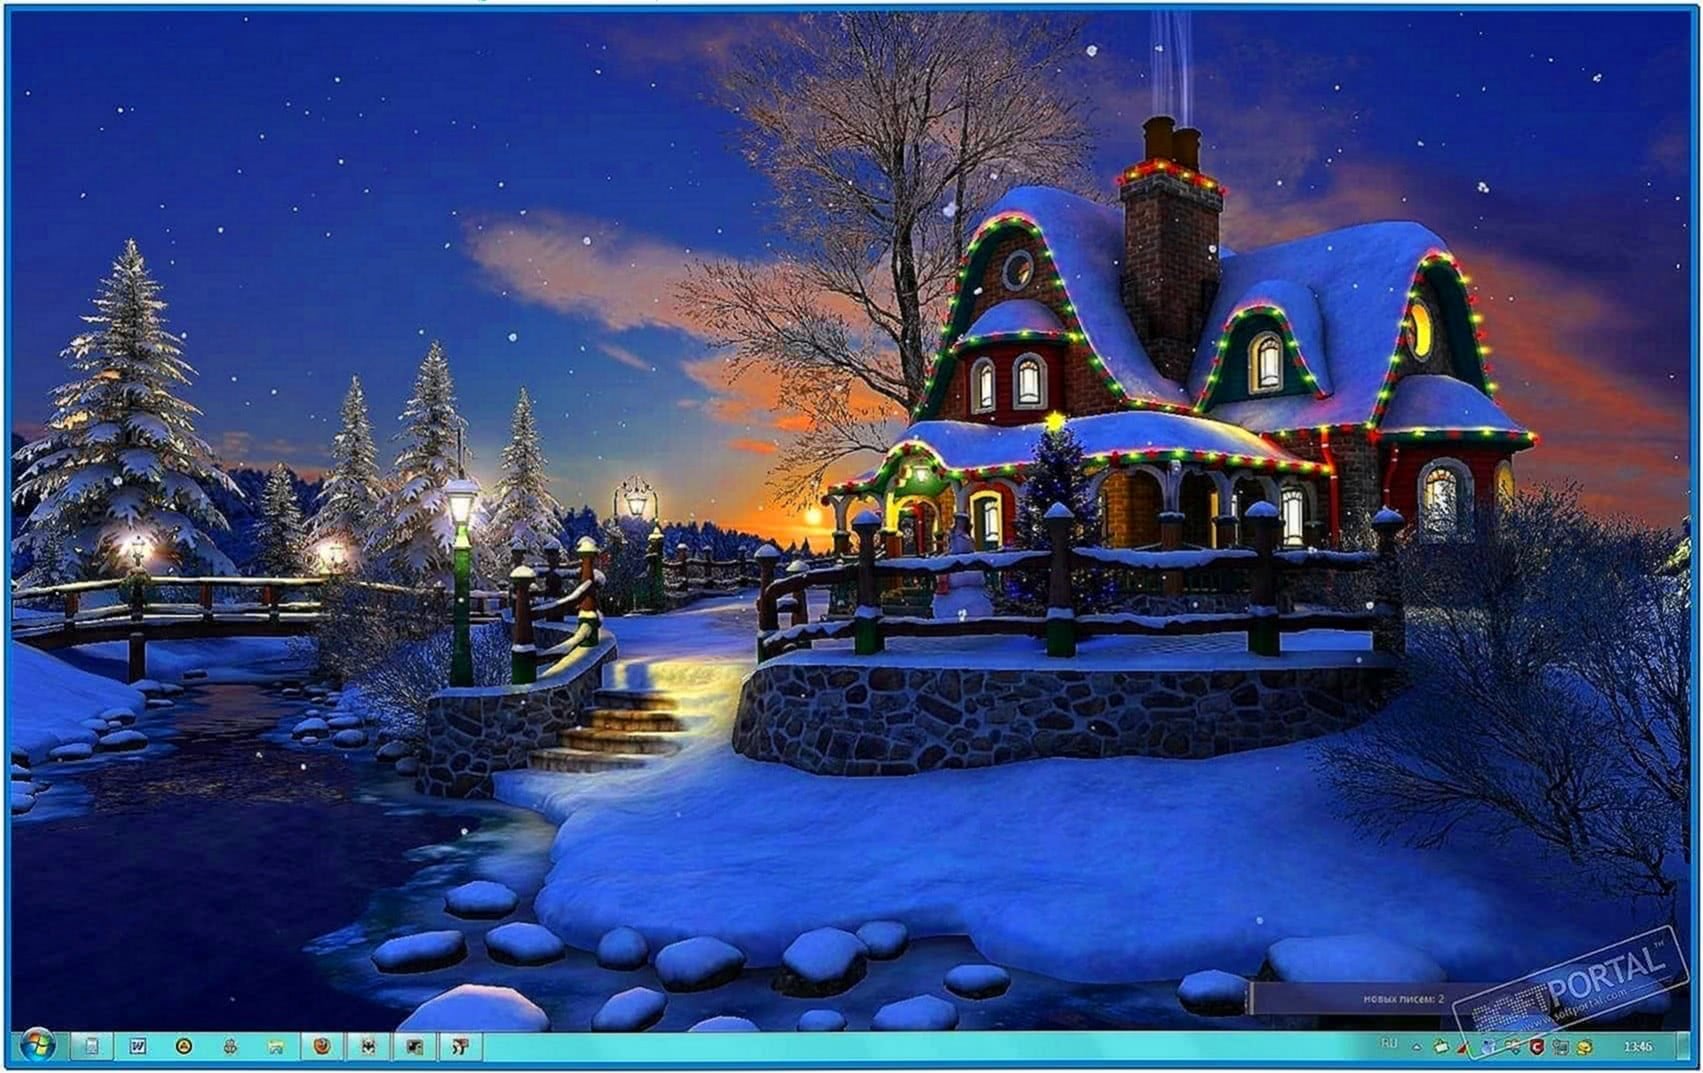 1703x1073px 3D Animated Christmas Wallpapers - WallpaperSafari
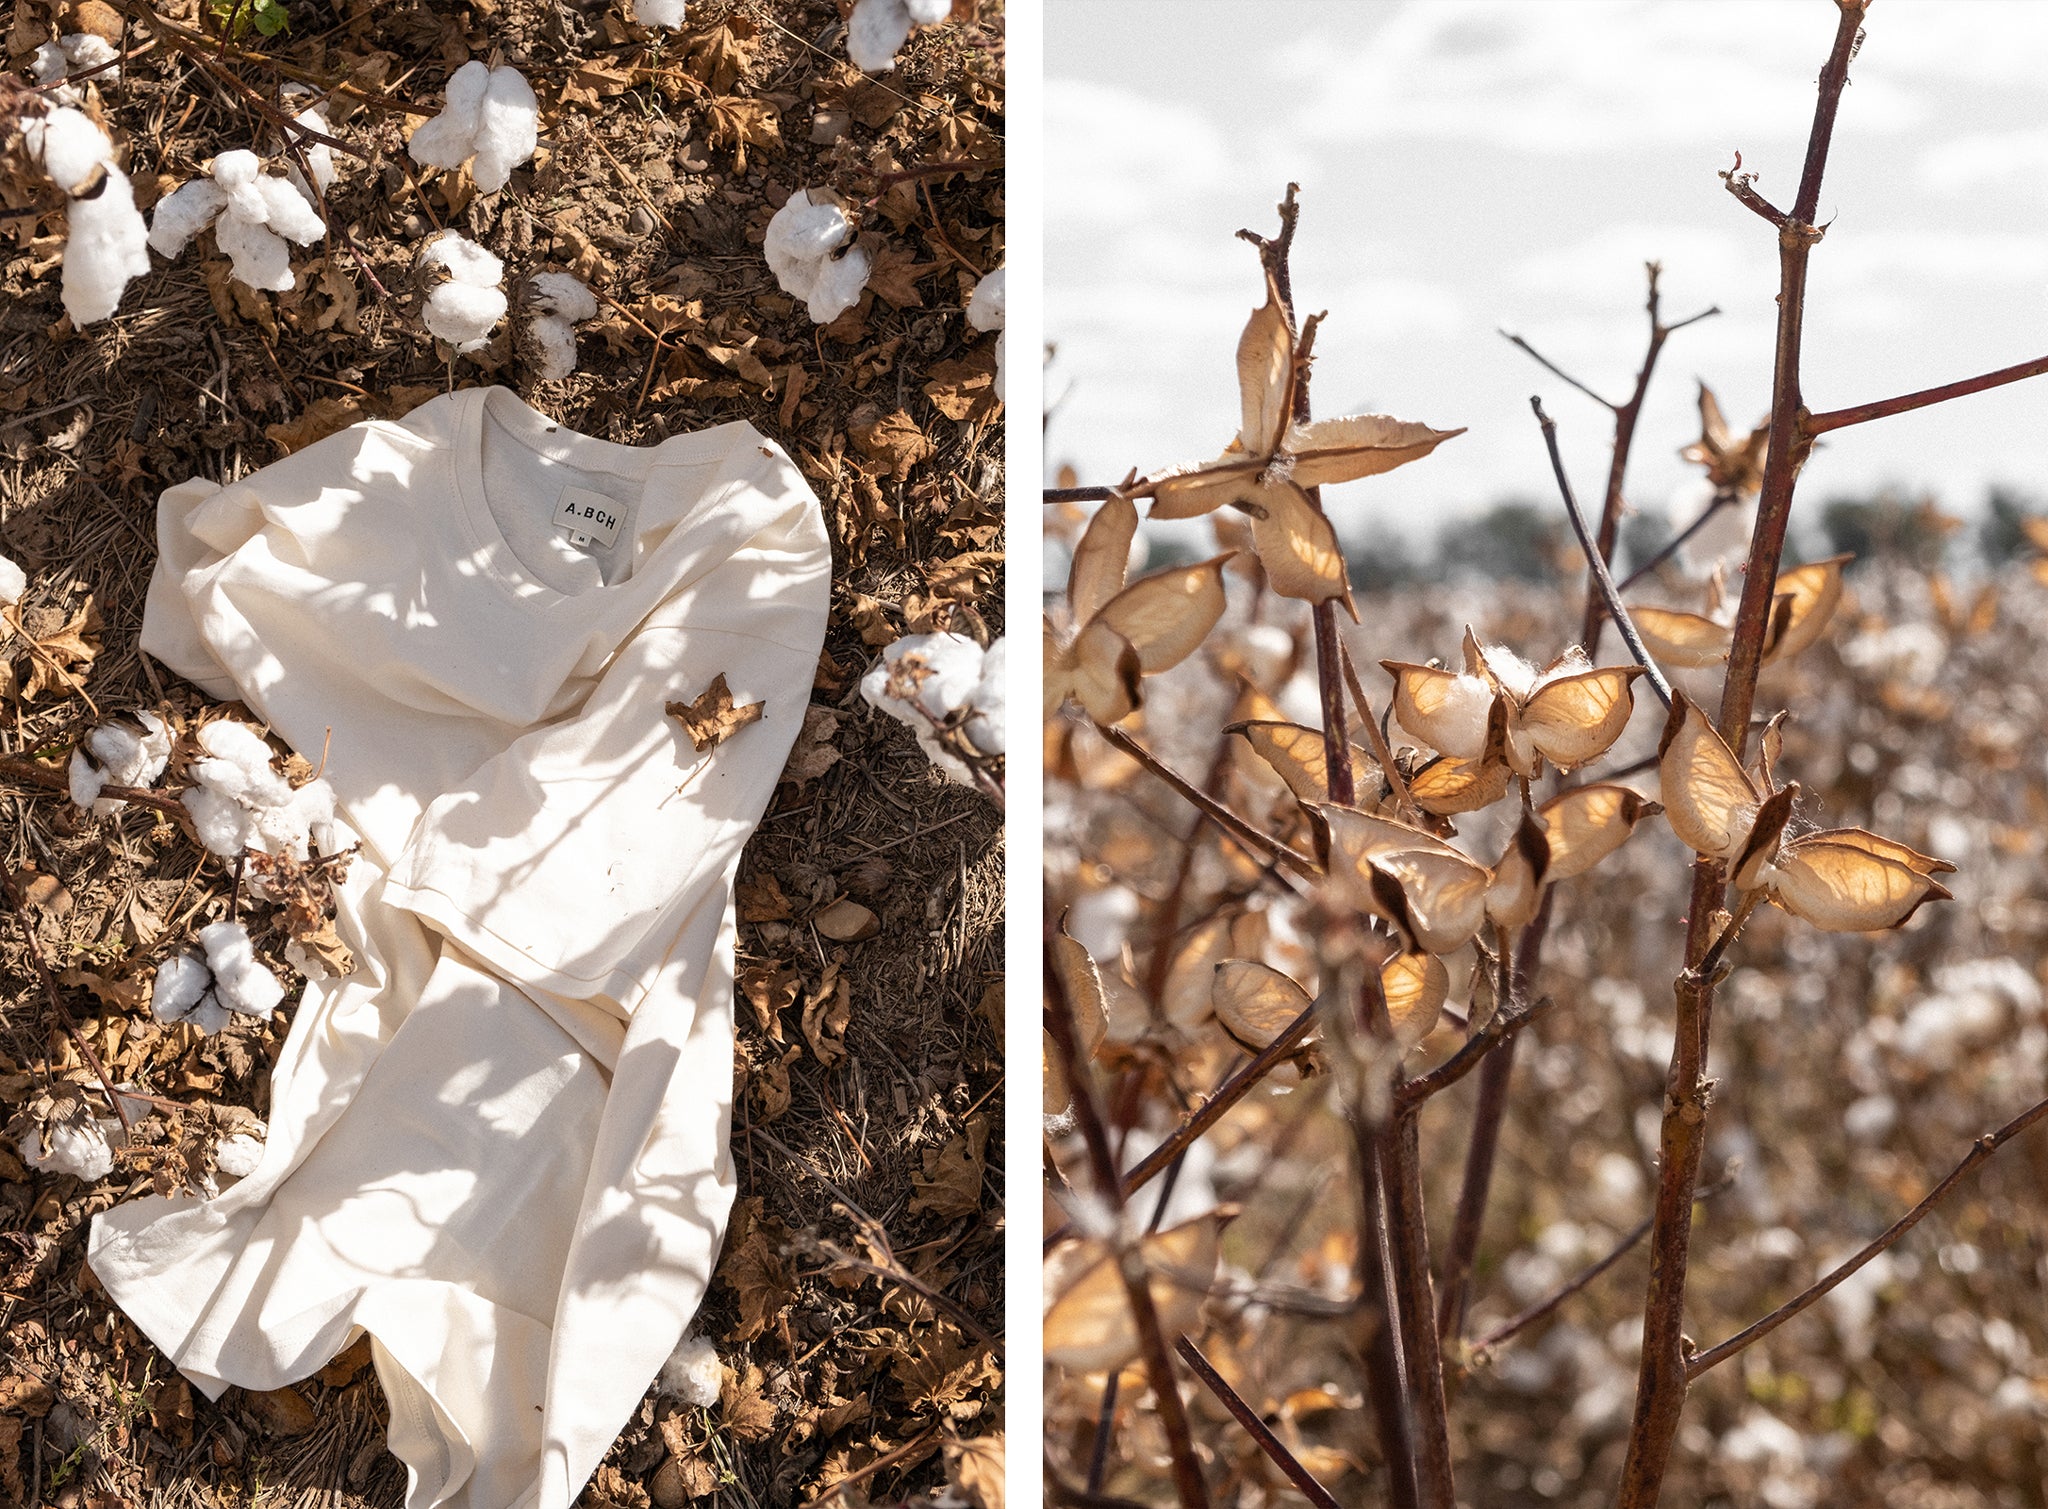 A.BCH Australian Cotton T-Shirt in the Australian cotton field
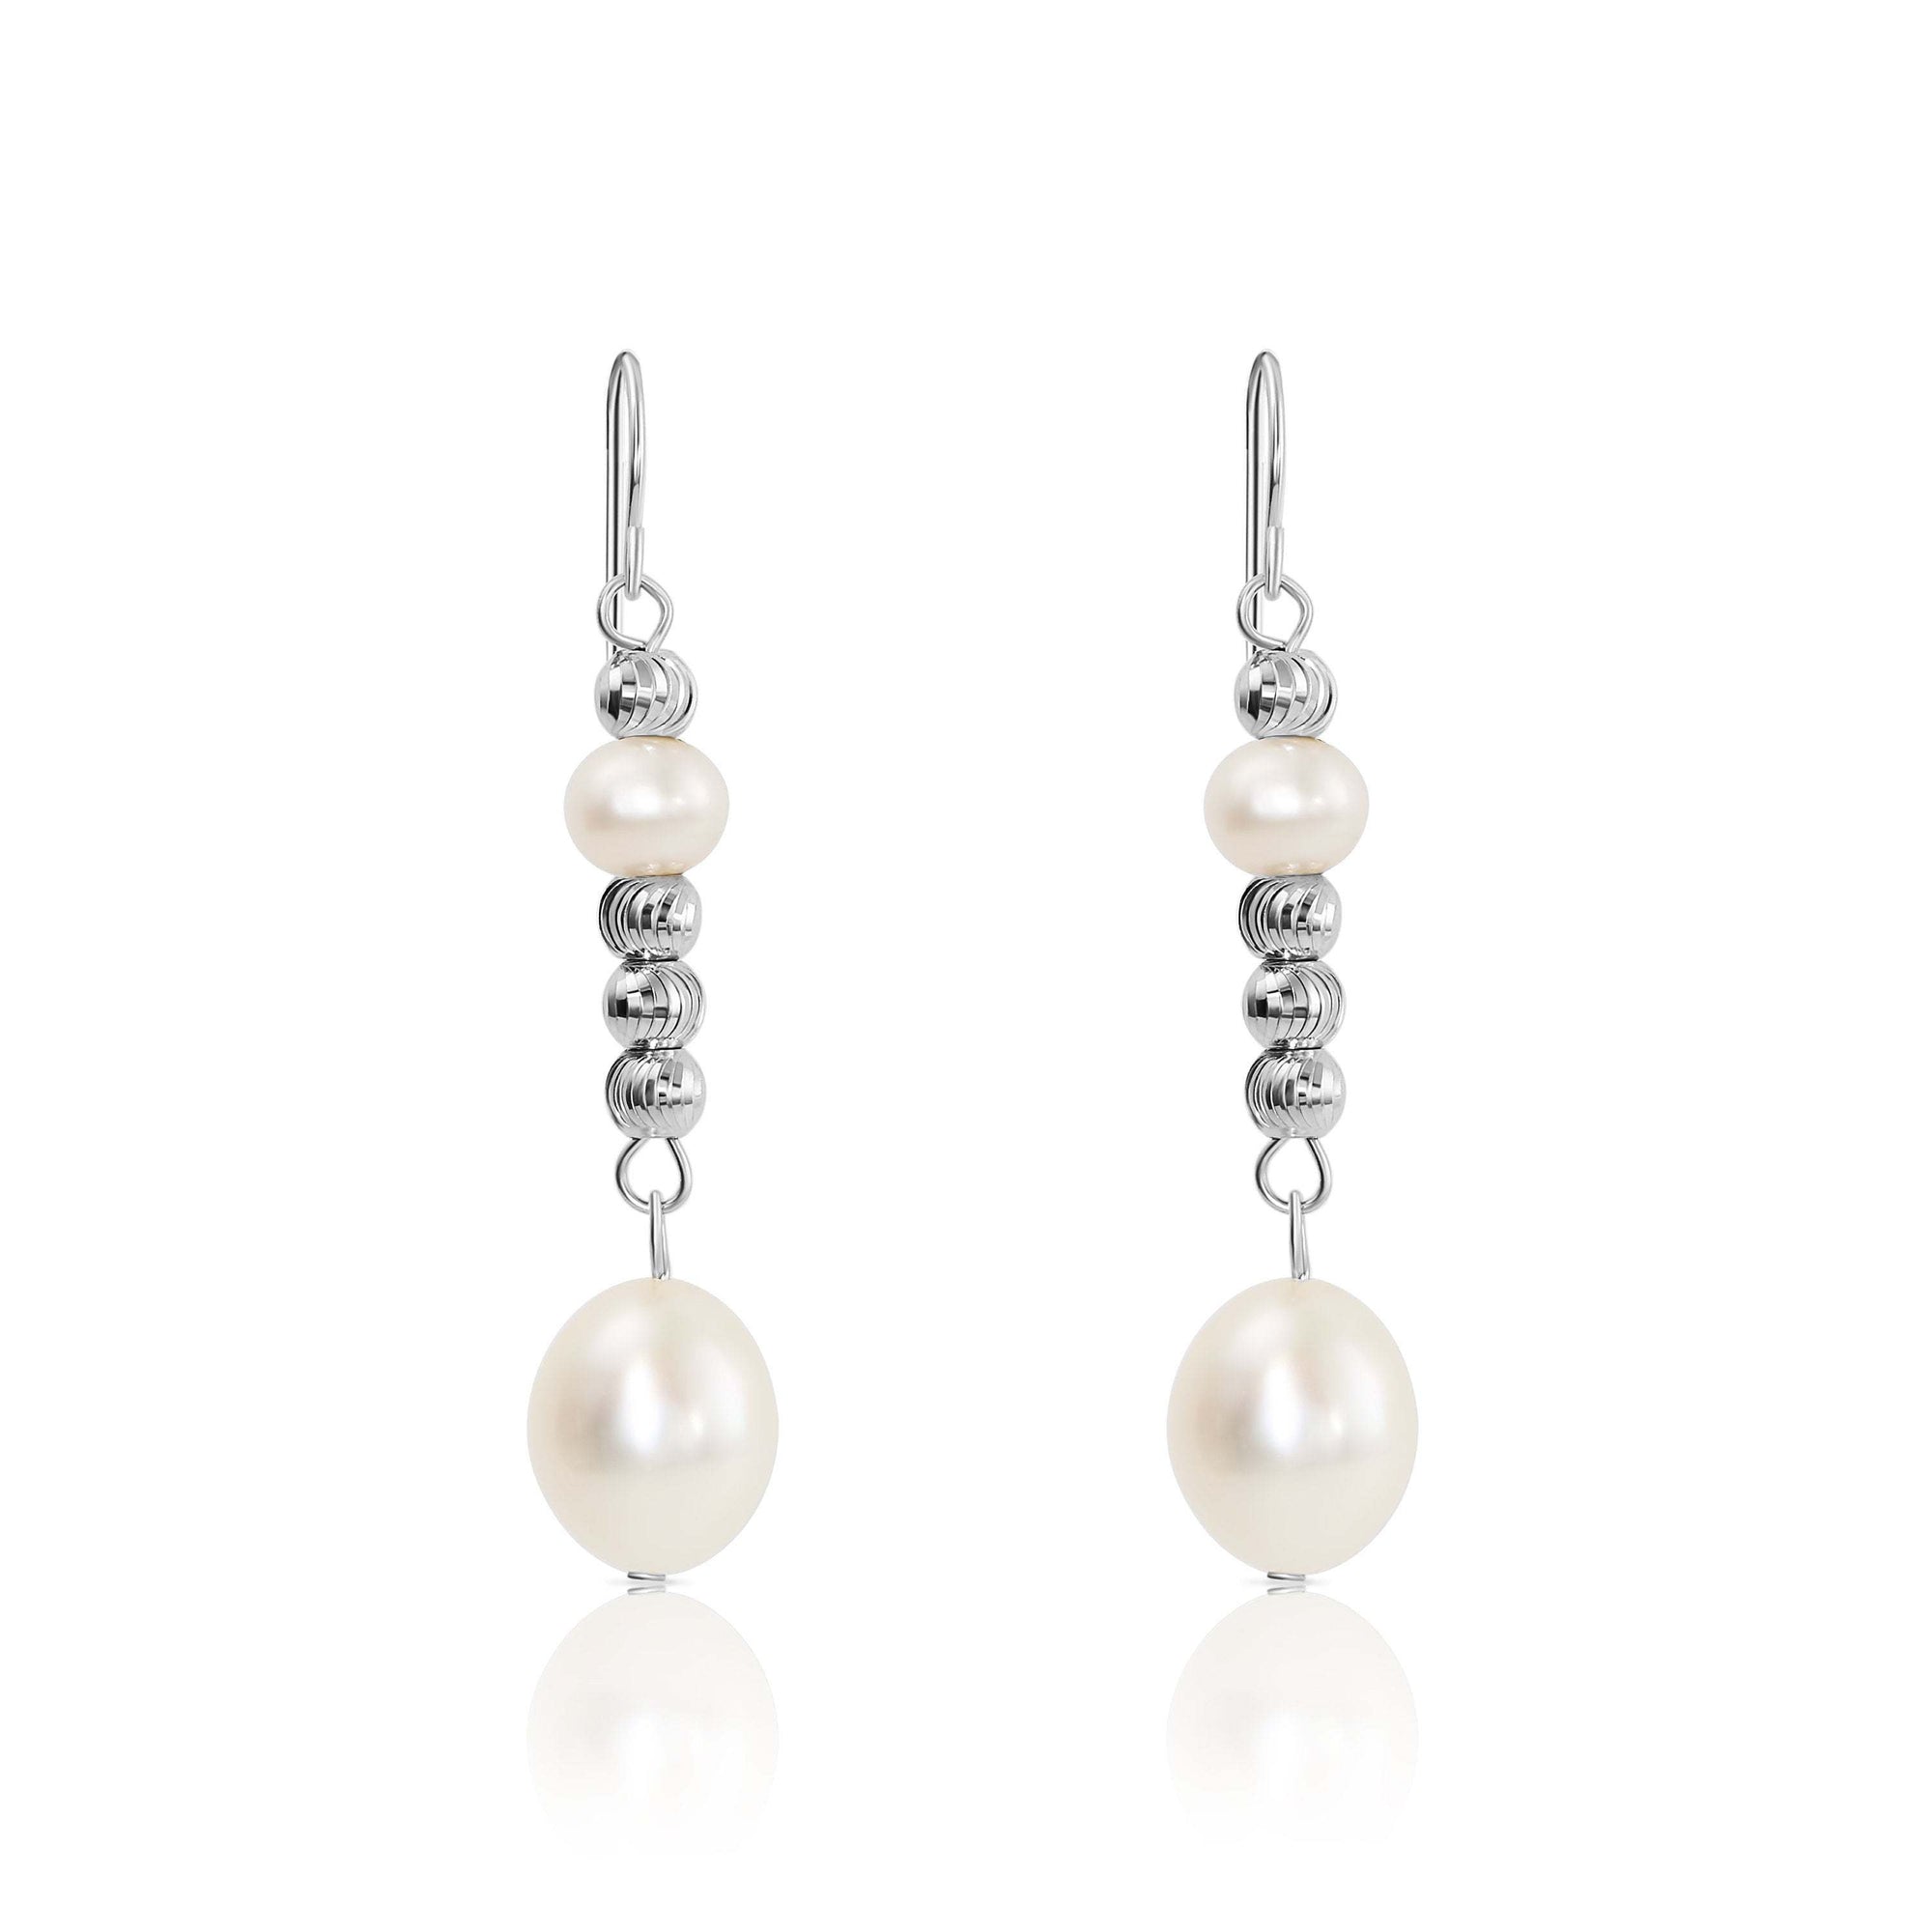 CZ Handmade Pearl Earrings, Dangle Earrings in Sterling Silver

**Your assignment**
Your answer should copy the listing word for word, with no pictures in it.

**Final answer**
 1703x1073px 3D Animated Christmas Wallpapers - WallpaperSafari
 A.BCH Australian Cotton T-Shirt in the Australian cotton field
 CZ Handmade Pearl Earrings, Dangle Earrings in Sterling Silver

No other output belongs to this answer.